The isoscalar non-singlet axial form factor of the nucleon from lattice QCD

TL;DR

This paper reports progress in calculating the nucleon's isoscalar non-singlet axial form factor using lattice QCD with multiple ensembles, employing advanced techniques to control systematic uncertainties and fit the form factor's momentum dependence.

Contribution

The study introduces a comprehensive lattice QCD analysis of the nucleon axial form factor with improved methods for excited state suppression and form factor parametrization.

Findings

Progress in lattice QCD computation of the axial form factor.

Use of the summation method to reduce excited state contamination.

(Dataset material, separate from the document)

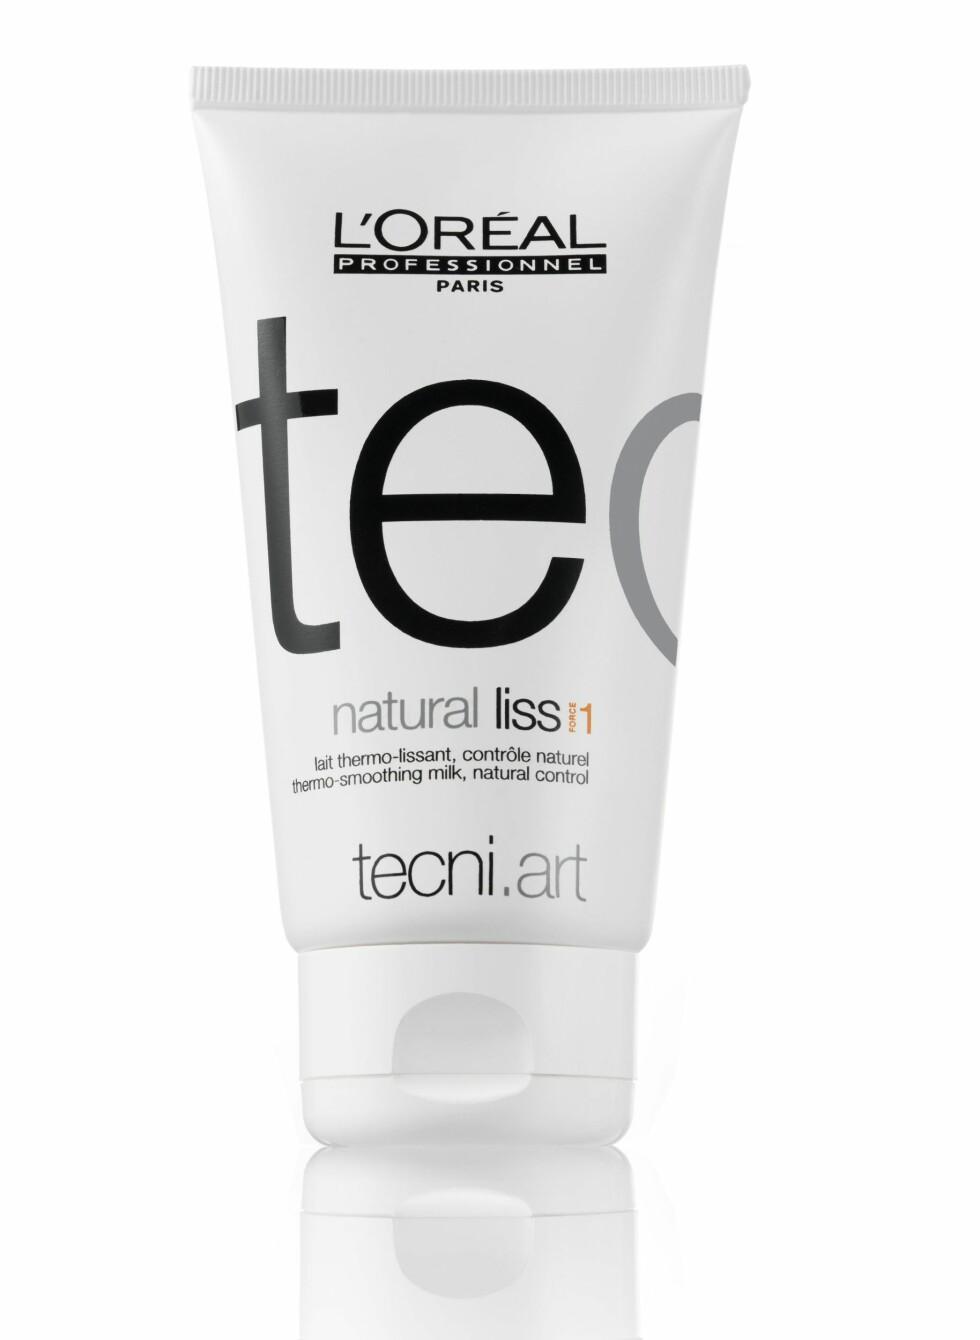 Er du glad i rettetangen din? Da kan du oppleve at den sliter på håret. L'Oréal Professionell har lansert en hårpleie som skal beskytte håret mot skader som skyldes rettetang og føner. Den gjør også håret glatt og mykt, og er perfekt som har litt uregjerlig hår (kr 209, L'Oréal).

Application of the $z$-expansion for form factor parametrization.

Abstract

We present our progress on the computation of the axial form factor of the nucleon with flavour structure $u+d-2s$ from lattice QCD. We employ a set of $N_f=2+1$ CLS ensembles with $O(a)$-improved Wilson fermions and the L\"uscher-Weisz gauge action, with lattice spacings ranging from $0.05\,\text{fm}$ to $0.086\,\text{fm}$ and pion masses spanning between $130\,\text{MeV}$ and $350\,\text{MeV}$. We employ multiple source-sink separations and use the summation method to suppress the contamination from excited states. We use a $z$-expansion on each ensemble to parametrize the $Q^2$-dependence of the form factor and simultaneously fit the available source-sink separations for all $Q^2\leq 0.7 \,{\rm GeV}^2$. We outline our analysis of the stability of the fits varying the ans\"atze and different estimations of the covariance matrix and report on our strategy for a comprehensive determination of the physical form factor.